I'd offered to review this version during the TLS session at IETF 78,
but I think I'm going to wait for the next version ;)
spt
Wes Hardaker wrote:
I've reviewed draft-saintandre-tls-server-id-check-09 and find it a good
document and support it's forward progress. I do have a few comments
though:
(*):
Applies to many of the comments below: some parts of the document
read like a BCP in the way it tries to rationalize things. A number
of these text sections really don't help the document, though, as it
adds unneeded ambiguity. Examples of this are marked below with (*).
Section 1.1: (*)
I don't think you should be spelling out the popularity of TLS vs
DTLS. While it may be true today, this is intended to be a proposed
standard and thus doesn't need to specify that one is potentially more
popular than the other. The document should be targeting the use of
both regardless of how well DTLS is used at the moment. Suggested:
OLD:
When a client connects to an
application services using Transport Layer Security [TLS] (or, less
commonly, Datagram Transport Layer Security [DTLS]), it references
some conception of the server's identity while attempting to
establish a secure connection (e.g., "the web site at example.com").
New:
When a client connects to an
application services using Transport Layer Security [TLS] or
Datagram Transport Layer Security [DTLS], it references some
conception of the server's identity while attempting to establish a
secure connection (e.g., "the web site at example.com").
Section 1.1 and the appendices:
You could now, if you wanted, add SNMP over (D)TLS: RFC5953. If
you're going to copy into the appendix as well, the text to copy is
from the snmpTlstmAddrTable object in that document.
Section 1.3.2: (*)
This section is full of text that is subjective and really isn't
needed in the first place. Nearly every paragraph contains text that
may be true today but might not be in the future or is subject to
interpretation. While I agree with most of the conclusions, I don't
think it's worth putting the text into the document; especially when
the text is simply defining what's out of scope. I don't think you
need to spend effort rationalizing what's out of scope.
Suggestion: keep the bullets, ditch the paragraphs.
Phrasing examples (IE, an incomplete list) that are questionable:
"service operators have less experience with client certificates"
"Most fundamentally, most users find DNS domain names much easier to
work with than IP addresses, which is why the domain name system was
designed in the first place.
"Furthermore, application technologies have less experience with
IPsec than with TLS, thus making it more difficult to gather
feedback on proposed best practices."
Section 1.4, "Target Domain"
It took me far too long into reading this document to remember what a
"target domain" really meant. IMHO, a better term that already
conveys the proper meaning to most readers would be a "derived
domain". Think about a global search and replace for target->derived?
Section 3, bullet 5:
Unfortunately, this is the one rule I think will be
broken the most often. Fortunately, checking from the client side
says to ignore the CN-ID if it can match on other things as well.

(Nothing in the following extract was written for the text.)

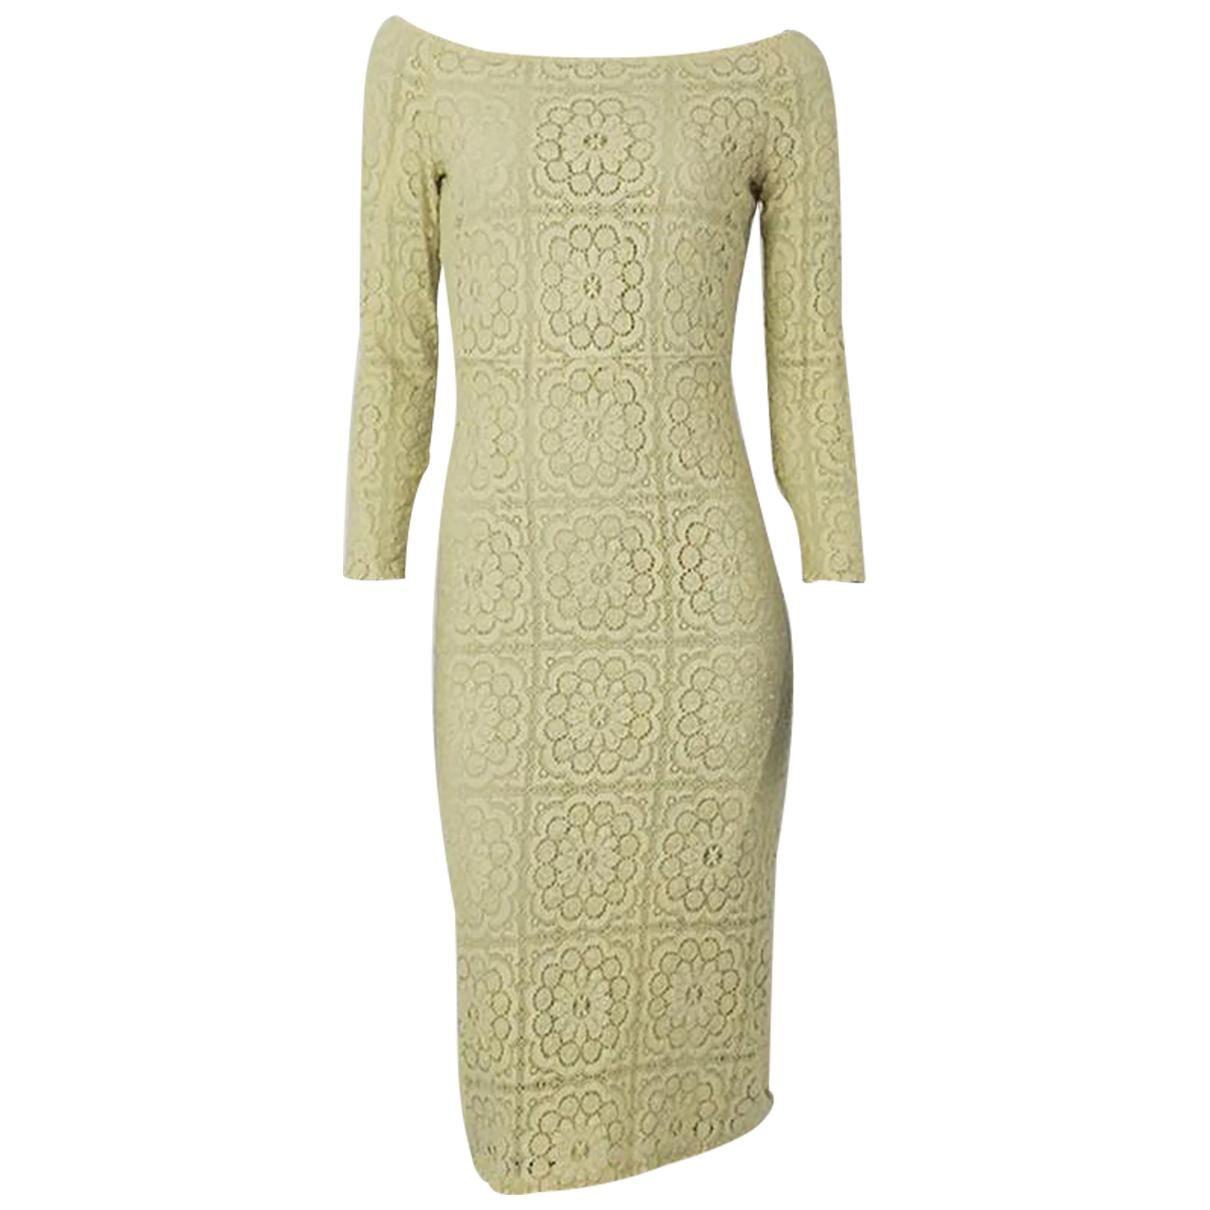 Burberry \N Kleid in  Gelb Polyester

Because of this, the only thing this particular rule hurts is the
software that isn't going to conform to this document because the code
is already too old. It's basically a "should upgrade" statement. I
think an extra sentence here might be helpful, though I don't have a
suggestion at the moment.
Section 4.3, security note:
I actually think wording these things is tricky when the future is
unknown. I think it's generally safer to describe the only conditions
which are valid for checking a CN-ID instead of trying to list all the
"MUST NOT" cases, which is more likely to change with the addition of
future specs into the spec tree. I didn't have time to fully think
out replacement text, but I'd start it with "A client MUST only seek a
match for a reference identifier of a CN-ID if it is the only
available presented identifier." Or something like that.
Section 5, Security Considerations:
The interesting thing about this specification is that we're leaving a
fairly broad range of potential "success" matches. Not only that, but
future specifications may lead to future reference identity matches
that previously didn't work. Fortunately, I can't come up with an
example that works all that well to describe it but somehow I'm left
feeling nervous that a server cert could have a clause the clients
don't understand currently but might later after a software upgrade
and an admin that expects a failure may suddenly see a success. You
can ignore this paragraph if you fail to grasp what I'm trying to say,
as I'm not at all stating it well.
Section 5.1, Service Delegation:
You discuss interactive clients and how the the source domain name
MUST be provided by a human user. But the odd case that I couldn't
figure out what it mapped to was references from an original source.
EG, images or javascript elements in a web page aren't "provided by
the user", but a web-browser is certainly interactive. This sort of
"snow ball" domain list probably should be discussed at least in
brief.
Section 5.1, Service Delegation:
I read the last paragraph (which is one sentence) multiple times and I
only barely feel that I understand what it's saying. I'd suggest
rewording it for clarity and splitting it into multiple sentences.
I'd offer suggestive text, but then I'd prove that I really didn't
understand it.
General:
Some of the possible combinations and options that may exist could
really use an "examples" section or something that had example info
from a certificate combined with example list of expected reference
indenties. Though this would be nice, it's not at all critical.